WhatsApp Asks Users To Update App On Finding ‘Spyware’ Attack

WhatsApp has asked its users to update their apps and mobile operating system (OS) after a ‘spyware’ attack was suspected. New updates will be rolling out in the coming 24-48 hours aimed at fixing the loophole that allowed the spyware attack to enable ‘remote access’ by just making a WhatsApp Call.

To be sure, such attacks are highly lethal but have a precise focus, in terms of number of targets the attackers are eyeing.

The attacks are suspected to be from an Israeli firm as per global reports. In a statement to TOI, WhatsApp India spokesperson said updating the app and mobile OS will protect against potential targeted exploits designed to compromise information stored on mobile devices.

“We are constantly working alongside industry partners to provide the latest security enhancements to help protect our users,” WhatsApp added in its statement.
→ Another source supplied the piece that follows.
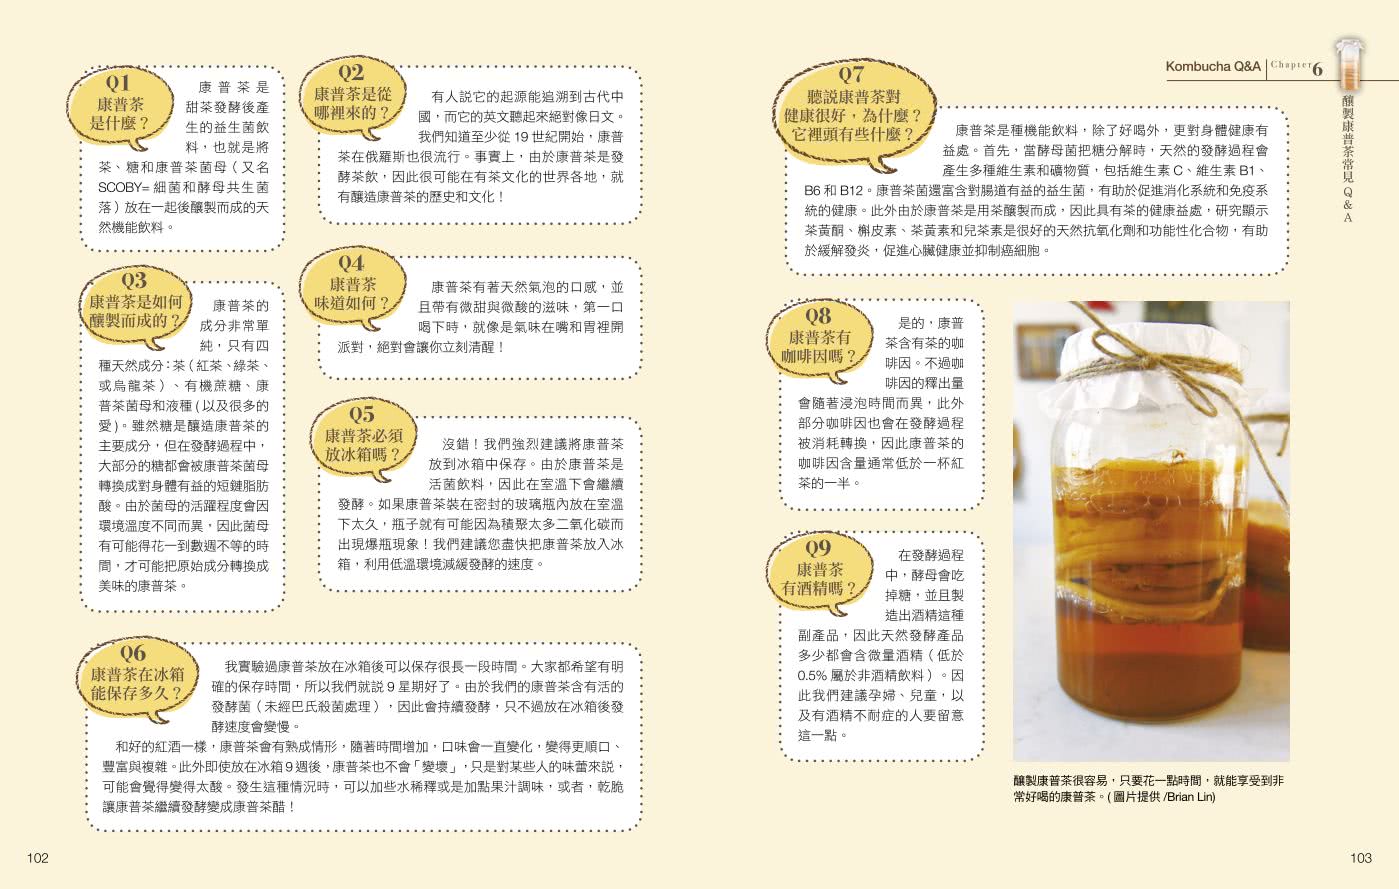 愛上康普茶:醫學博士 step by step 親授 從釀製到應用 打造健康好腸道

Some iOS users have already started getting a new update on theirs apps, TOI saw.

According to a data security expert, these attacks are termed ‘zero-day’ attack which have a hit rate of 100% and there is no firewall or antivirus that can stop them. For WhatsApp, India is one of its largest markets with over 200 million monthly active users. Remote access can control a mobile device to extract and change critical information on devices, including call logs and text messages.

“This would have a broader impact only when users don’t update their app or OS in the coming days. It could have a mass-level impact in the next three to four months if people continue to use the older versions. This has been the pattern in countries like India, China, Mexico where penetration is very high, but knowledge is very low,” said Hitesh Dharamdasani, director, AnexGate — a firm that helps companies against cyber-attacks with security solutions.
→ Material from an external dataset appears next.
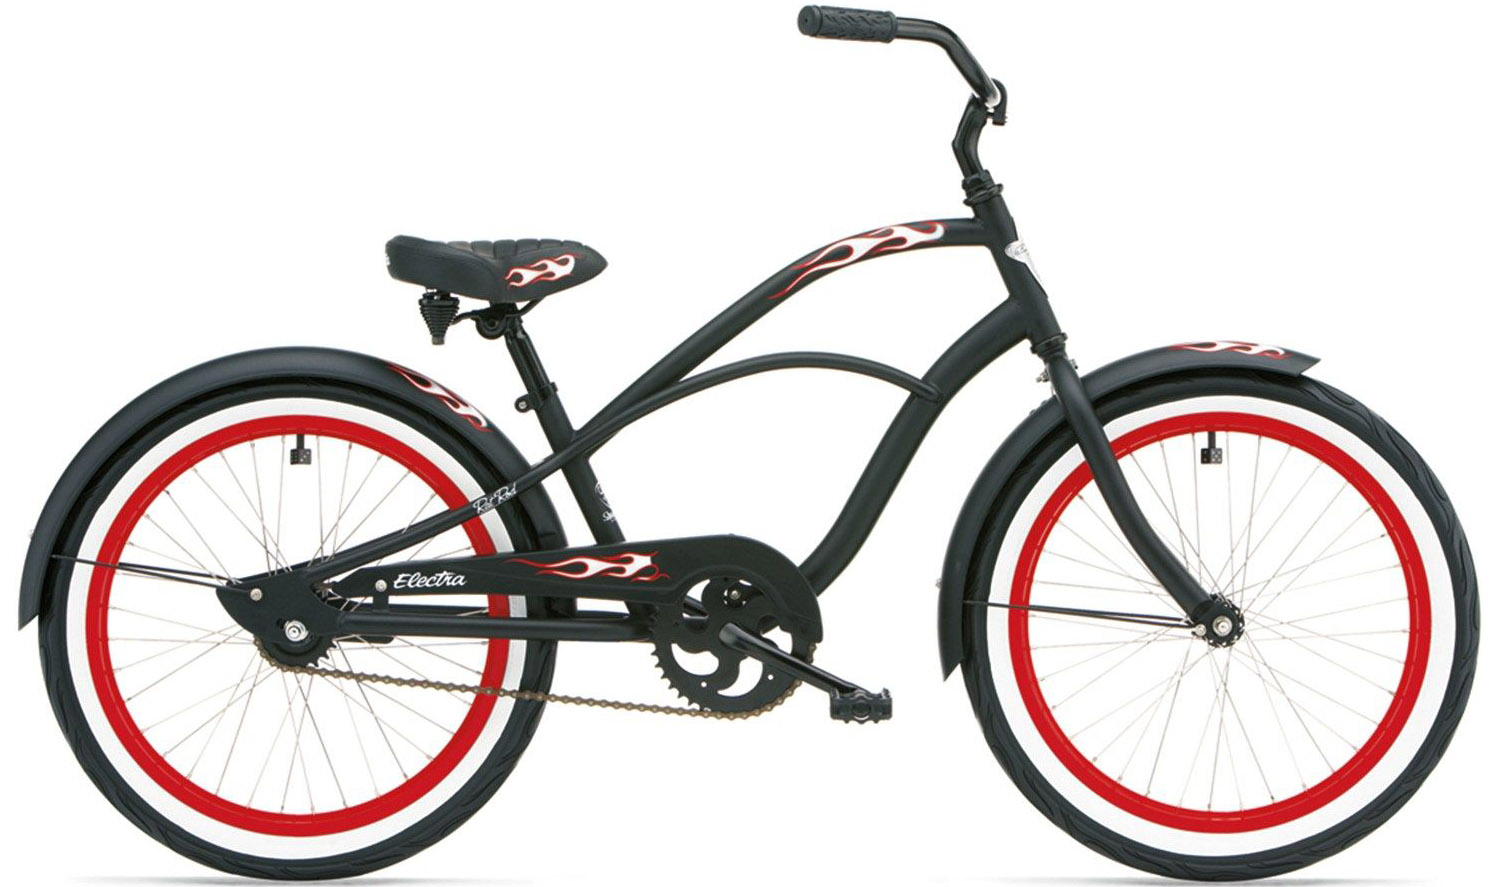  Отзывы о Детском велосипеде Electra Rat Rod 1 2020

In April, the Facebook owned-WhatsApp first identified the vulnerability that could enable an attacker to insert and execute code on mobile devices. WhatsApp then moved to fix the flaw and late last week it made changes to the infrastructure to deny any ability for this kind of attack to take place. These are highly sophisticated attacks and the Menlo Park-based company is yet to arrive at the scale of the attack’s impact in terms of user base. Due to the nature of the attack, it is believed it could be limited to certain number of users.